Between Bristol and western supermare


----------



## RichardHelen262 (Jul 26, 2017)

Morrisons car park Warrington and it is absolutely peeing it down


----------



## BessieBambi (Jul 26, 2017)

helen262 said:


> Morrisons car park Warrington and it is absolutely peeing it down



It certainly is! If I got out of bed I could give you a wave! But think I'll stay here for now!


----------



## Wanderlust (Jul 26, 2017)

Stratford upon Avon and it's raining here to


----------



## trevskoda (Jul 26, 2017)

Sitting here drinking coffee and eating nice toast with marmalade,did not know about rain until i looked out  window and its chucking down.:scared:im taking van for rolling rd brake test today at the garage i used to work in (freebe)so hope to get through test on fri morning,will tape £20 in bag under van for tester,i wish.


----------



## n brown (Jul 26, 2017)

Clunegapyears said:


> Ghent.  But where is that in Bristol?  We 'live' there and I don't recognise it.

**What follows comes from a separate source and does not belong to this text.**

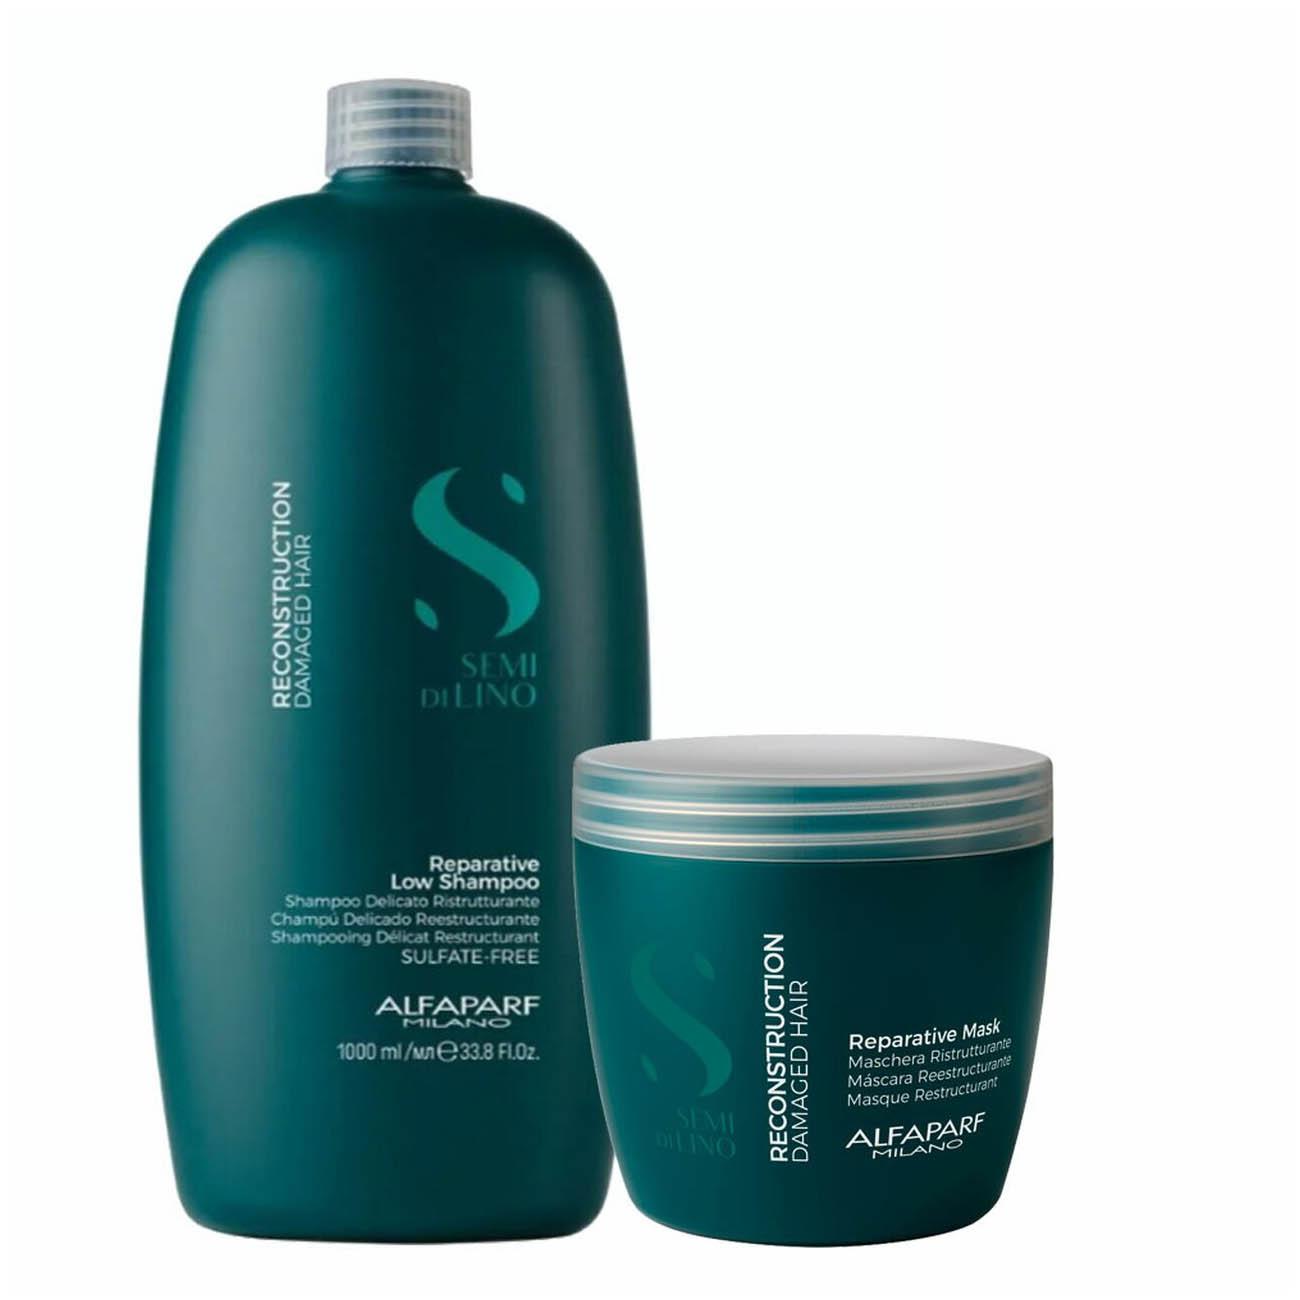 Alfaparf Milano Semi Di LINO Reconstruction Demage Hair Reparative Shampoo and Mask
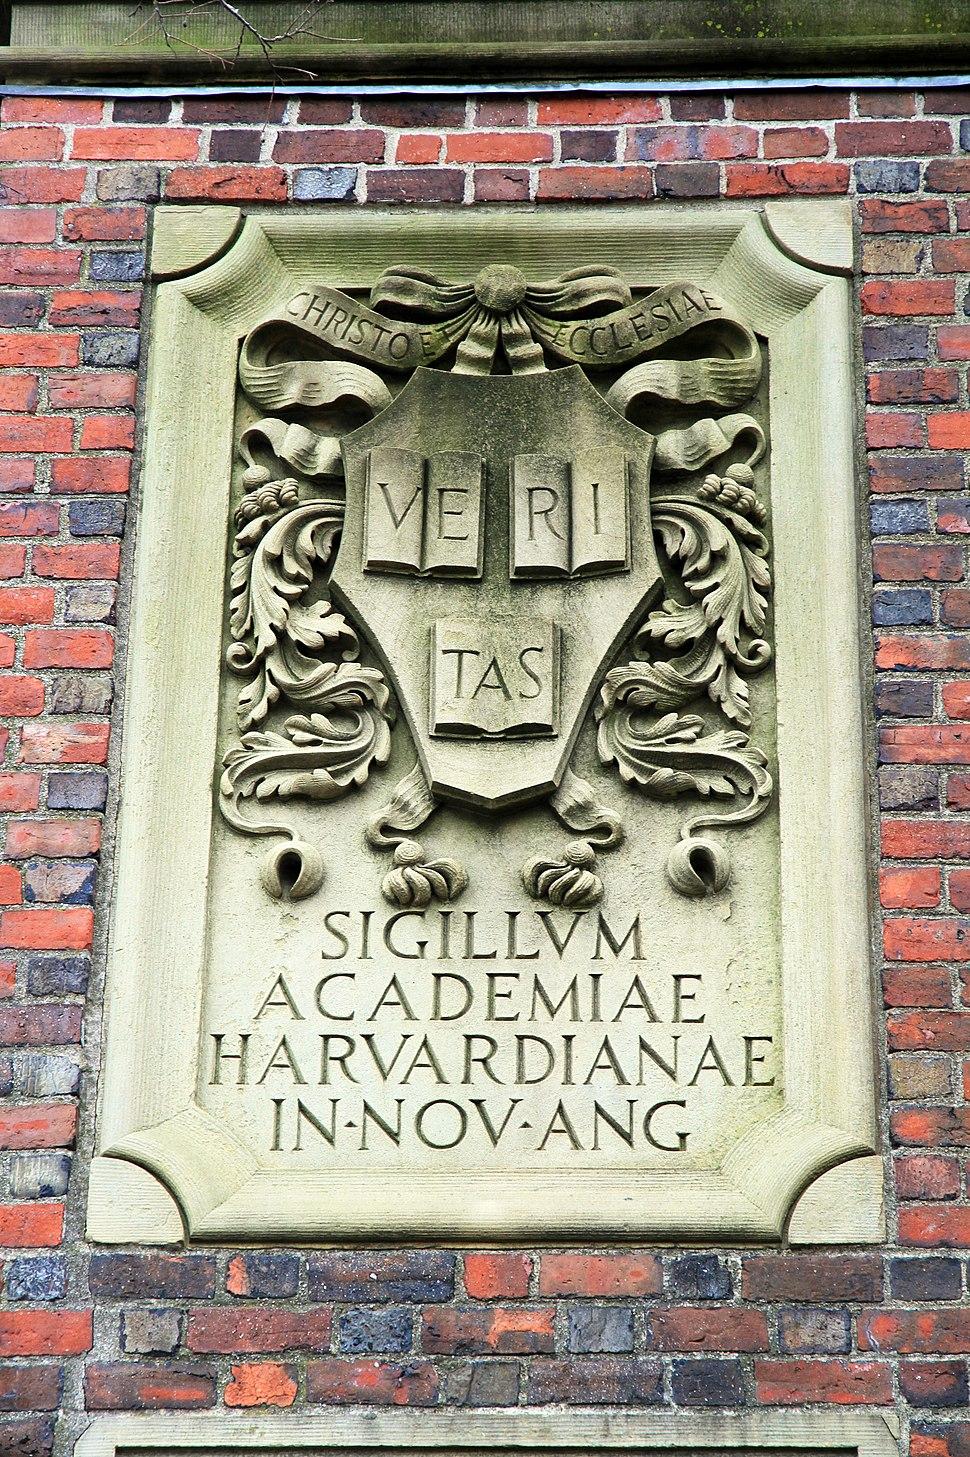 USA-Harvard University

 looks like the view from Poets Walk in Clevedon


----------



## Wooie1958 (Jul 26, 2017)

suneye said:


> Ha ha I know first time I didn't even try turning them! Tried many times to put a avatar thingy and it's always AOT





Don`t worry about it, photos have a mind of their own on this site and end up which ever way they want to depending on wind direction   :scared:

Avatar, go to *Settings* > *Edit Avatar *> *Option 2 * > *Choose File*  and then choose your photo or image and *Open*.

Don`t forget to *Save Changes* bottom right.

Good luck   :wave:


----------



## exwindsurfer (Jul 26, 2017)

We are sitting in the van on a campsite in Cononley near Skipton and yes it's raining lol.


----------



## campervanannie (Jul 26, 2017)

We are at the Cefn Coch Inn c&cc cl mid Wales what a fab pub great food very friendly owners and staff food is great and reasonably priced the views are stunning and the 5 baby foals that played in the field next to us all day and all night with their mums watching over then was just a great added extra and yes it's chucked it down all night and still is.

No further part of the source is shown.